A lot of people probably have heard the IT guy in their company mention a “data warehouse” before, but exactly what is a business data warehouse?
The easiest way to put it is there are essentially two main ways of storing data: either for operational purposes, or for reporting purposes. When data is stored for operations, you usually want to be able to quickly ADD records to the database – so the database is designed such that data can be inserted into the database quickly. When you want to report on data, then the database will be designed with READING records in mind.
These seems like simple differences, but they create a whole host of incredibly technically challenging issues, and people tend to specialize in either one or the other. When someone refers to a “data warehouse”, they are referring the reporting-oriented database (also known as an OLAP database, for Online Analytical Processing).
The real power of a data warehouse containing your business data is that it is usually structured by creating things called “cubes”. Basically, what this means is that instead of treating the records in the database each as an individual row, they are grouped by some kind of data value, such as “Country” or “Processed Date”.

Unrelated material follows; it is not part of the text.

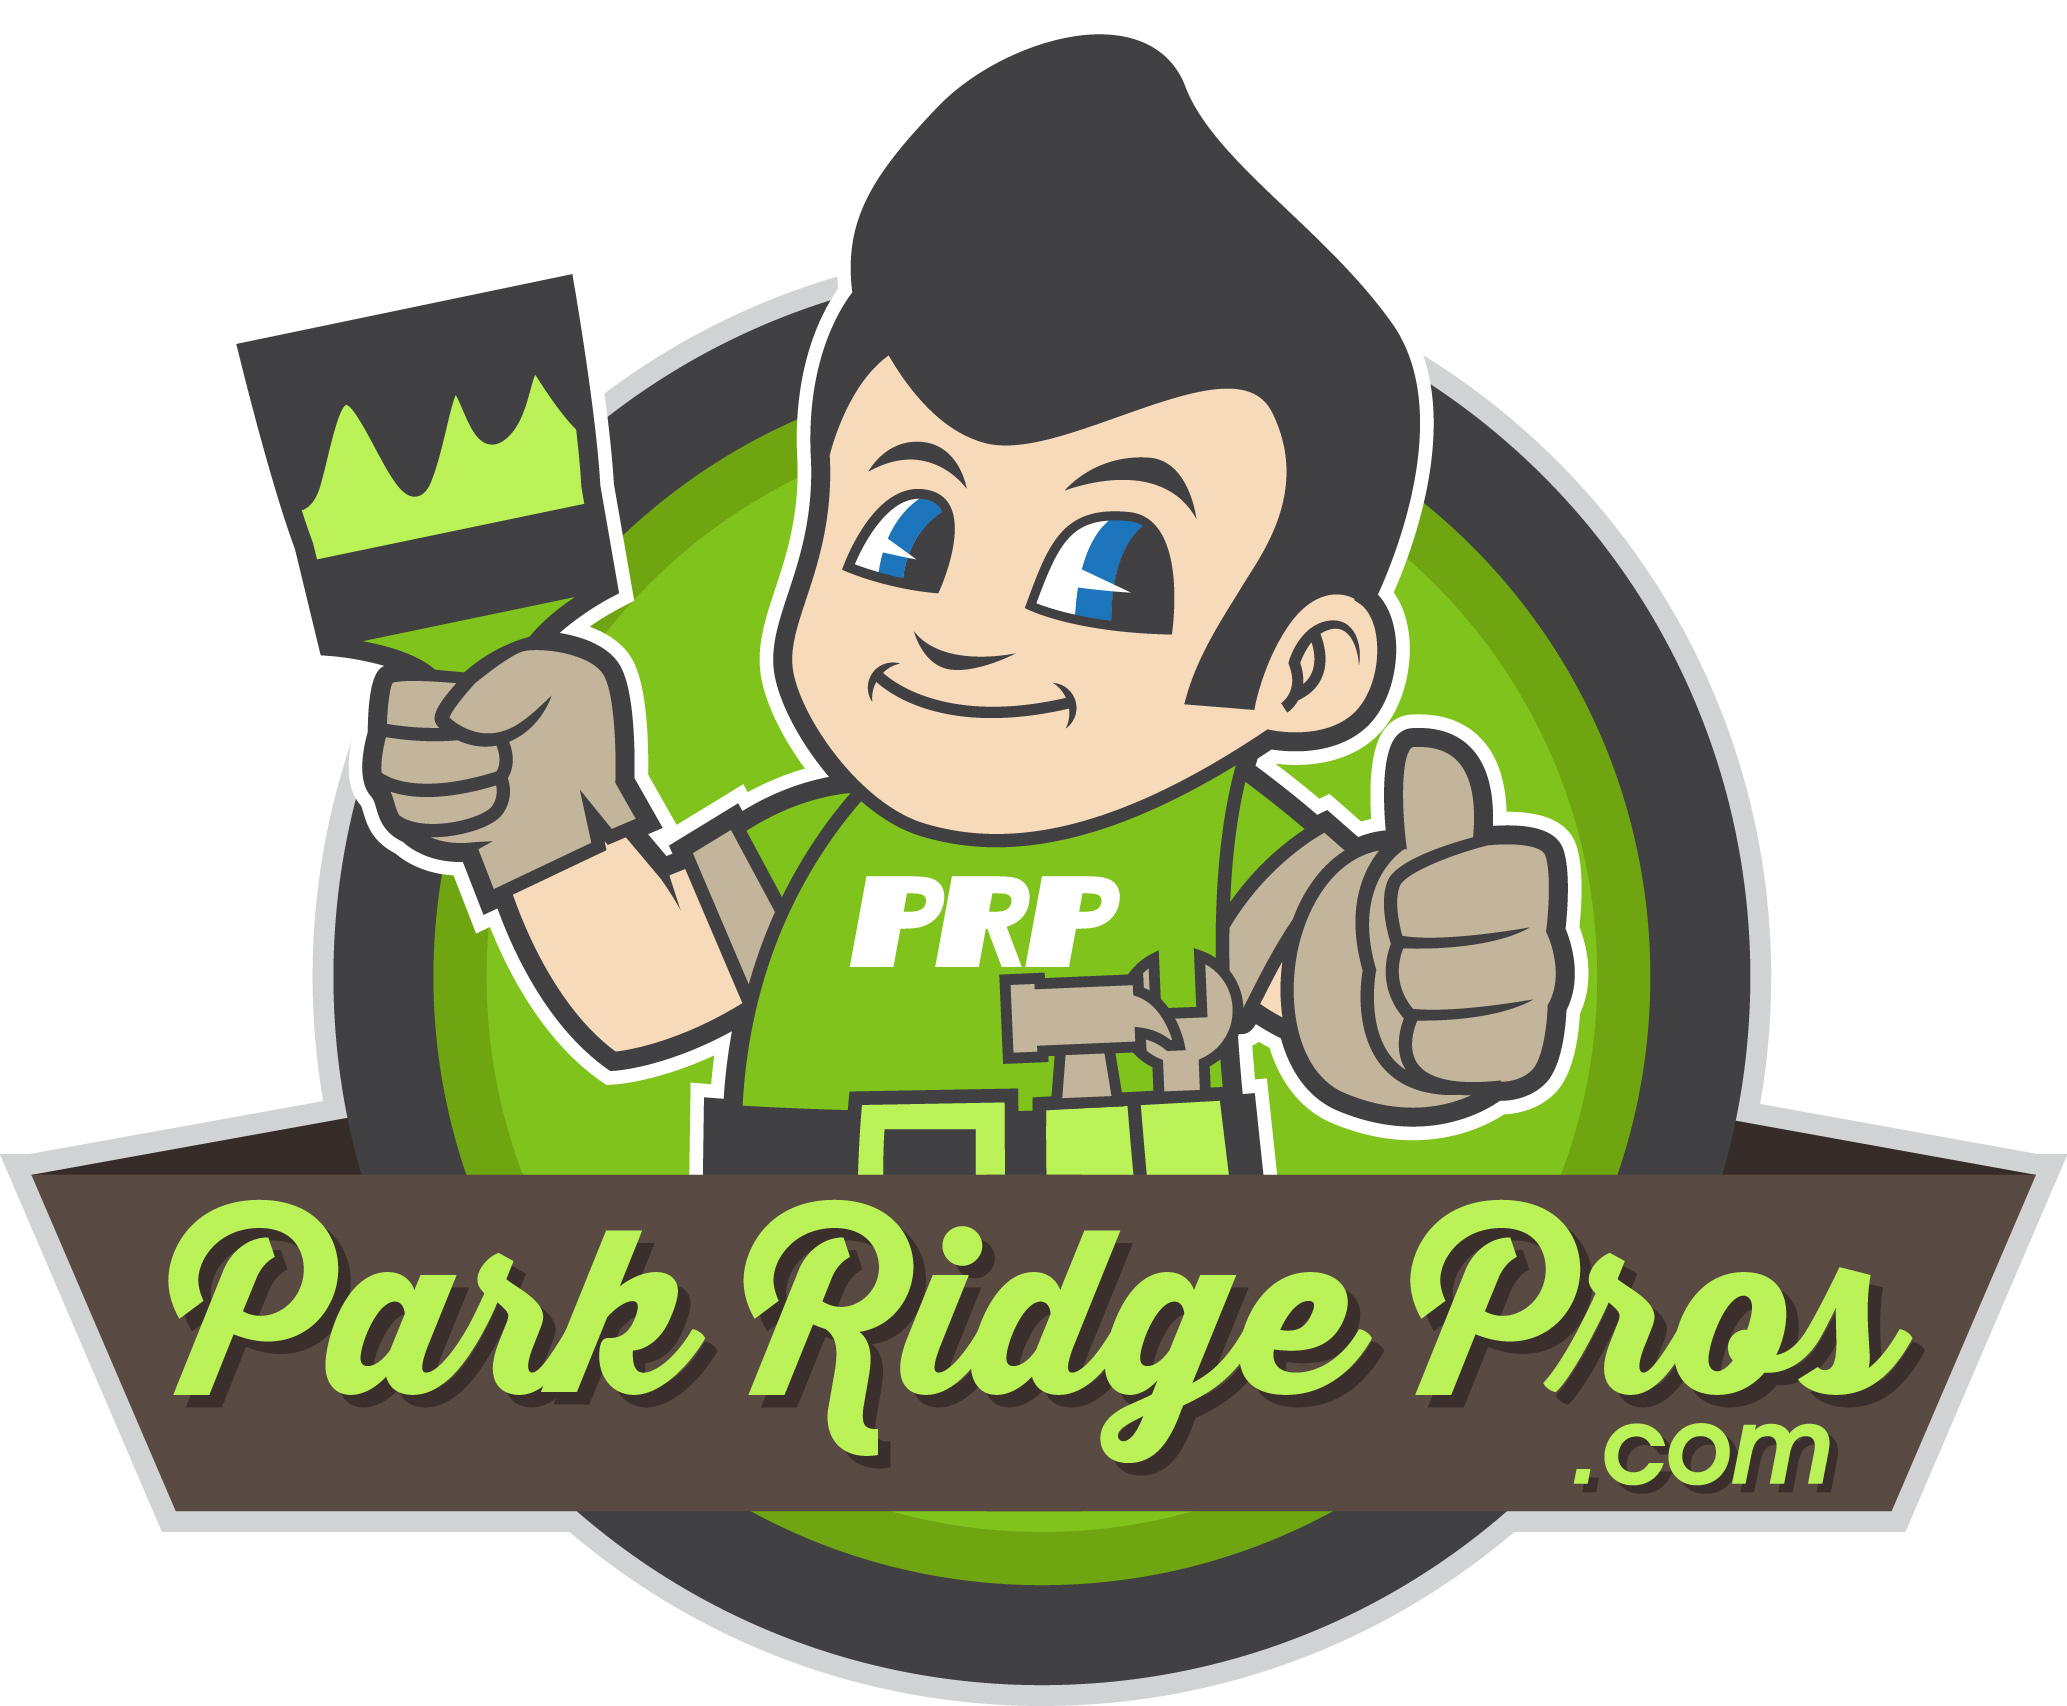 Park Ridge Pros

While this is a somewhat confusing idea, a simple way to look at it is like pages in a book. Imagine you had a book called “World Steel Production”, which contained paragraphs listing all the tons of steel produced on various dates by various steel companies. Now imagine that the pages of that book were organized geographically, so all the steel produced in a given country was listed on the same page together, regardless of date or company.

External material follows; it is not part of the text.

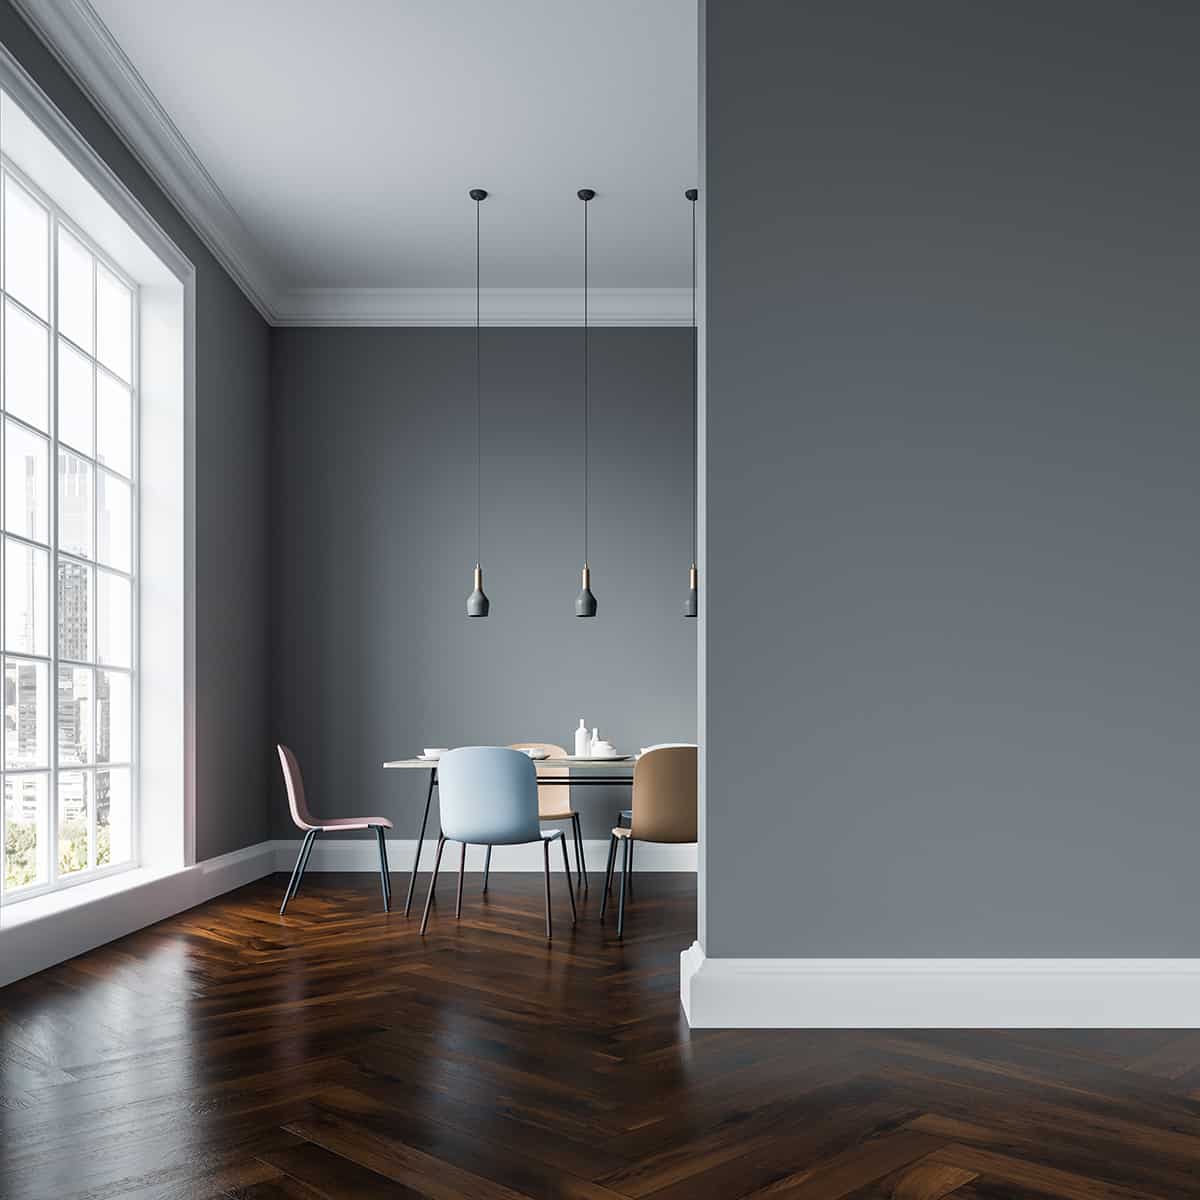 Wood Floor Goes With Gray Walls, Light Hardwood Floors With Gray Walls

If the book was structured this way, it would be very quick and easy for you to go to the index and open right to the page for “China Steel Production”, much faster than if the book was simply in chronological order, and you had to go through the whole book to find all the paragraphs related to China.
A data warehouse is basically the same thing. Instead of storing the records in a single chronological fashion, records are grouped by particular measures (sometimes called dimensions), so that they can be accessed quickly for reporting purposes. Each “slice” of the data warehouse “cube” represents a particular value for that dimension – for instance, if the dimension was “Production Year”, there would be a “1998” slice.
Hopefully this sheds some light on data warehouses, which are an incredibly powerful data tool for your business.